Is there anything else I should know?

Medications such as oestrogens, oral contraceptive pills, carbamazepine and phenobarbital can increase blood copper levels. They may also be elevated with rheumatoid arthritis and with some cancers, and decreased with a variety of conditions associated with malabsorption such as cystic fibrosis.

Total serum copper concentrations are normally low at birth, rise over the next few years, peak, and then decline slightly to a relatively stable level.

Care must be taken especially with a 24-hour urine sample, not to contaminate the sample with an external source of copper. Talk to your doctor and the person who gives you the urine collection bottle about necessary precautions. If a urine or blood copper test result is higher than expected you may be asked to repeat the test to confirm the findings.

Common questions

  • Should everyone's copper metabolism be evaluated?

General screening for copper concentrations is not recommended or necessary. Many people with conditions not associated with copper such as infections or inflammation may have temporarily increased concentrations.

  • Can I choose either a blood (total or free) or urine copper test?

These tests provide complementary information. It is up to you and your doctor to determine which tests are necessary to evaluate your condition.

  • What happens if I am exposed to toxic amounts of copper?

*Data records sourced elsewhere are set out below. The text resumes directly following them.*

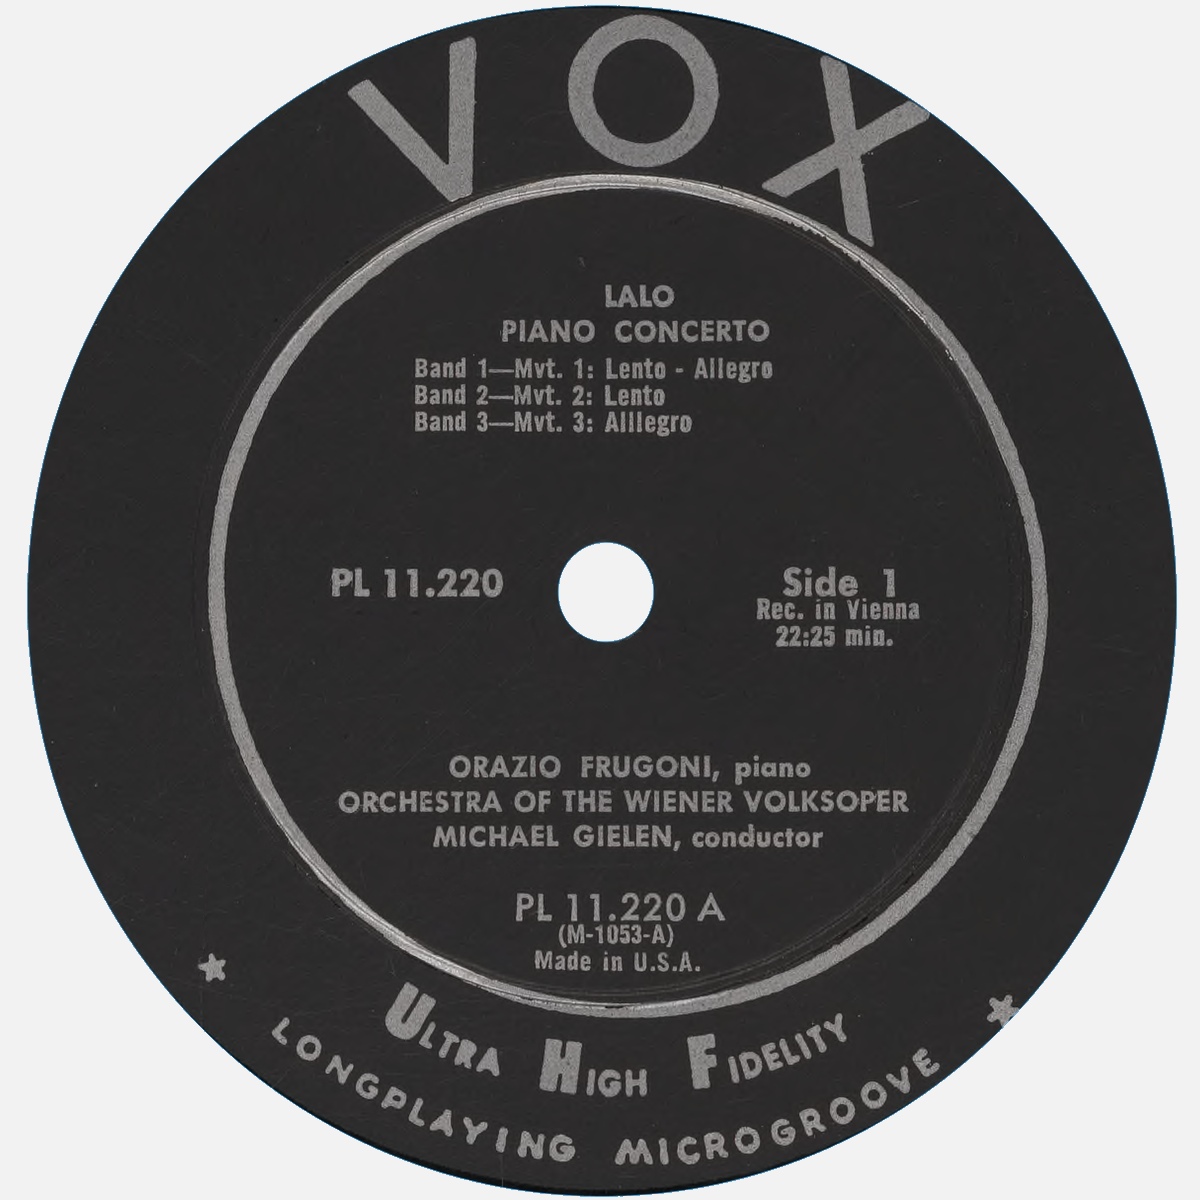 Étiquette recto du disque VOX PL 11.220
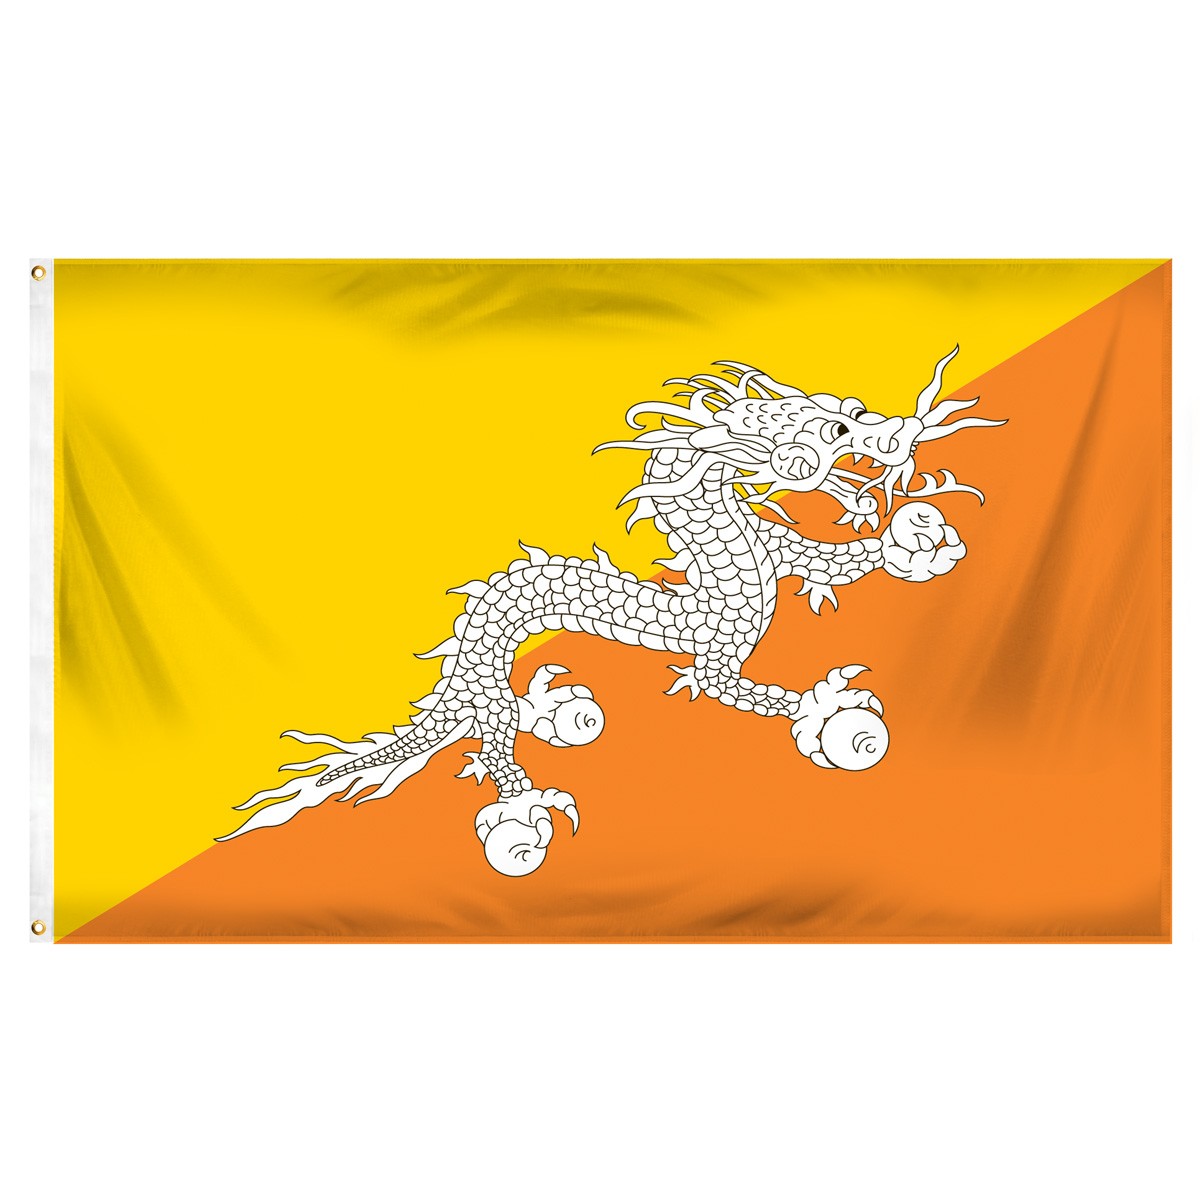 Bhutan Executive Flags
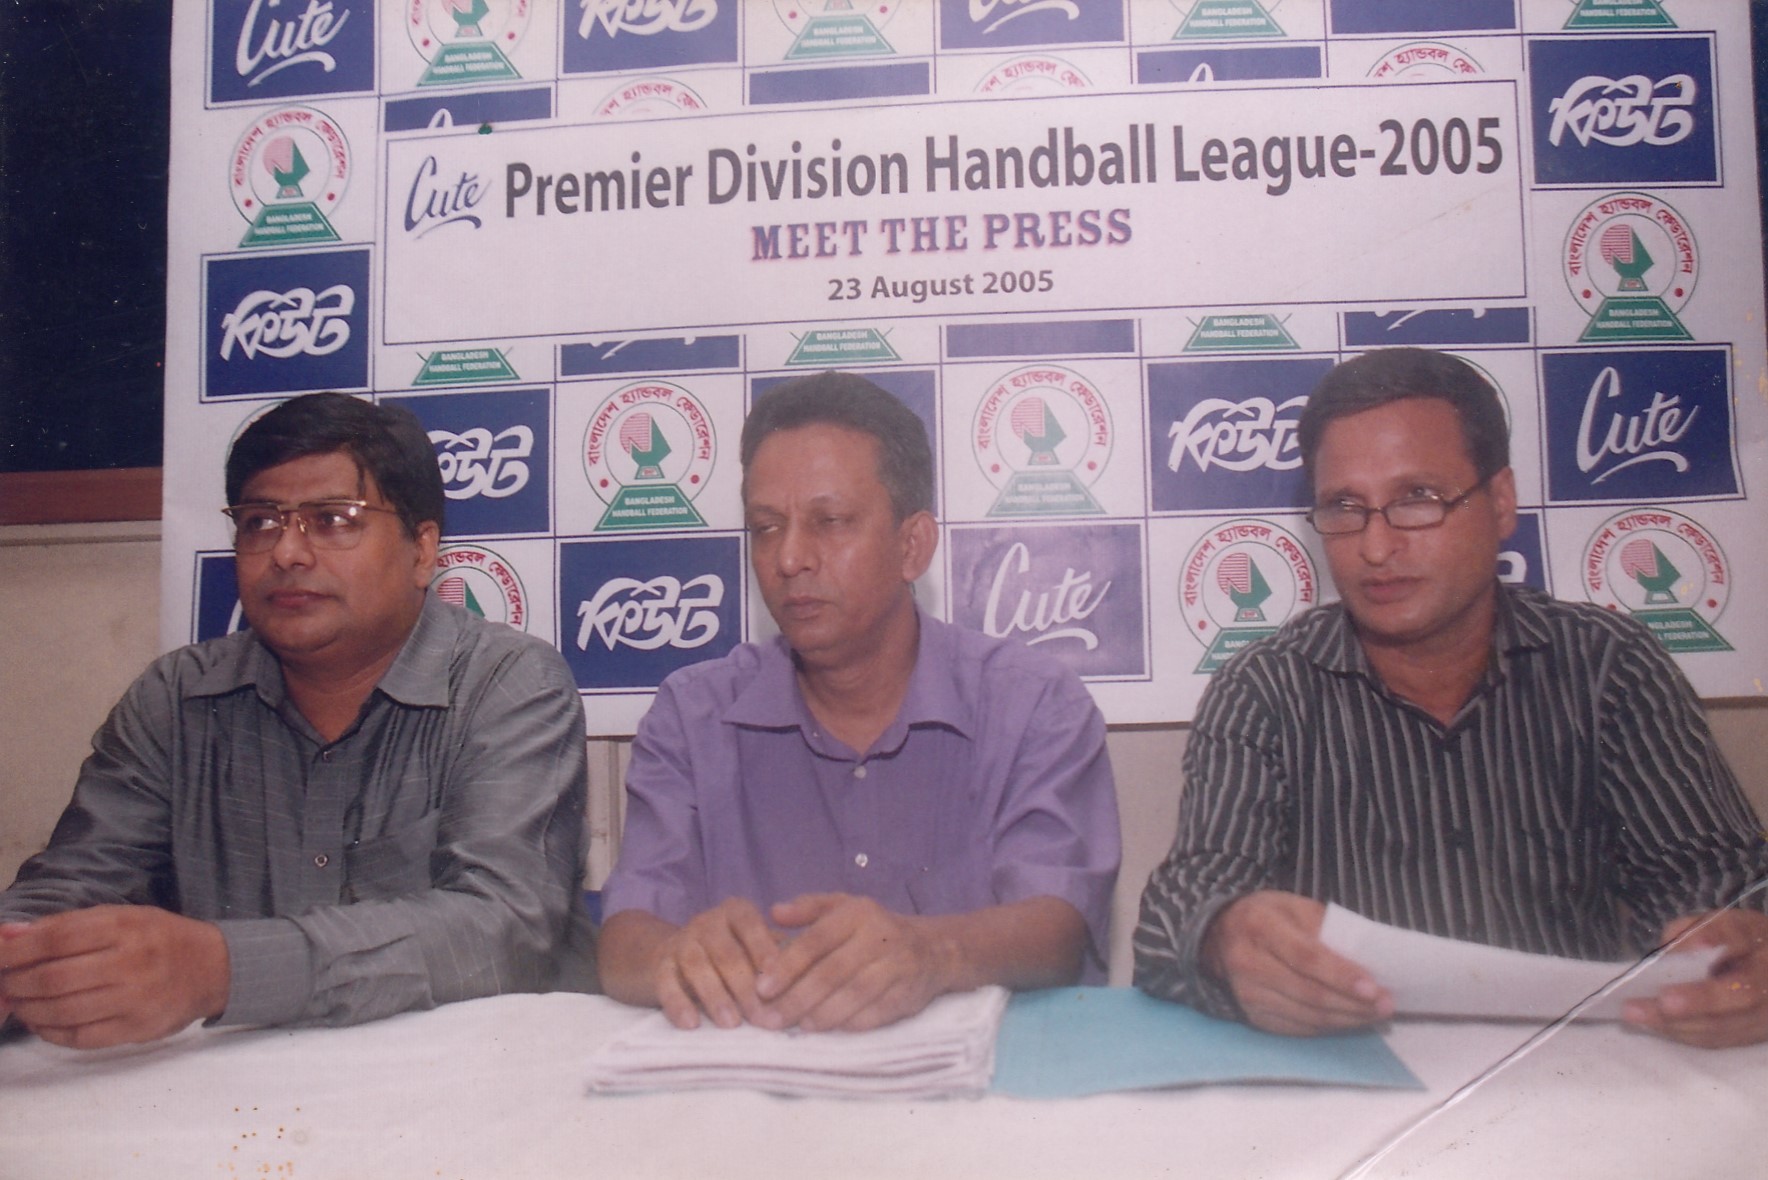 Premier Division Handball League -2005
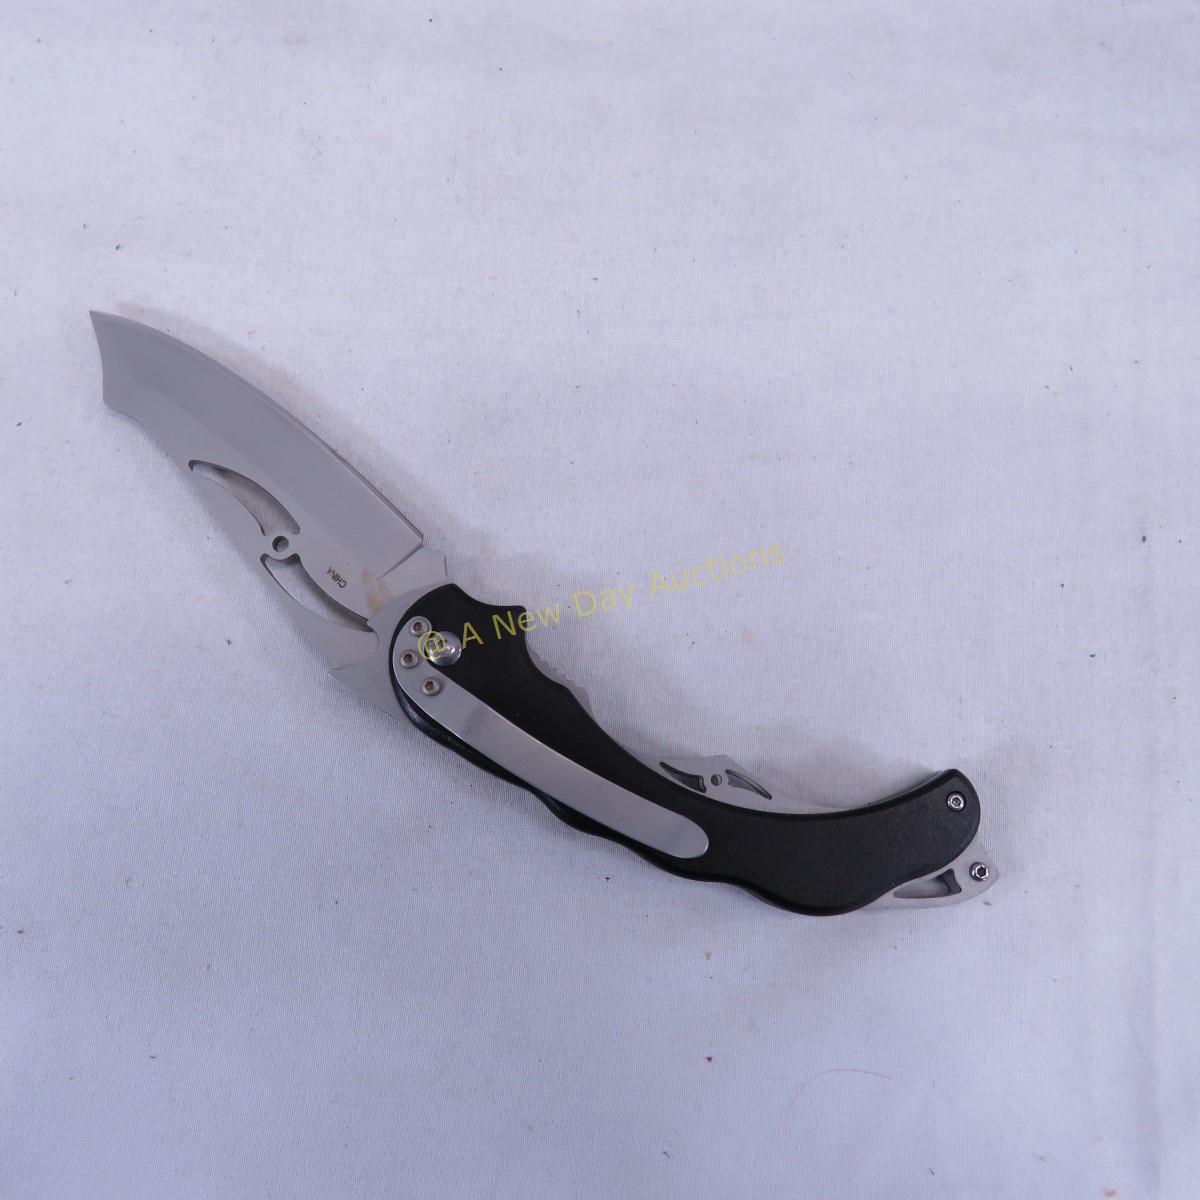 Fantasy, pocket, & fixed blade knives

Copper poisoning can cause vomiting and diarrhoea and, in some cases lead to liver and kidney damage. You should talk to your doctor if you think that you have been exposed.

  • Should I be taking copper supplements or trying to get more copper in my diet?

In most cases, a regular diet satisfies the body's requirements for copper. Talk to your doctor before taking any supplements or changing your diet.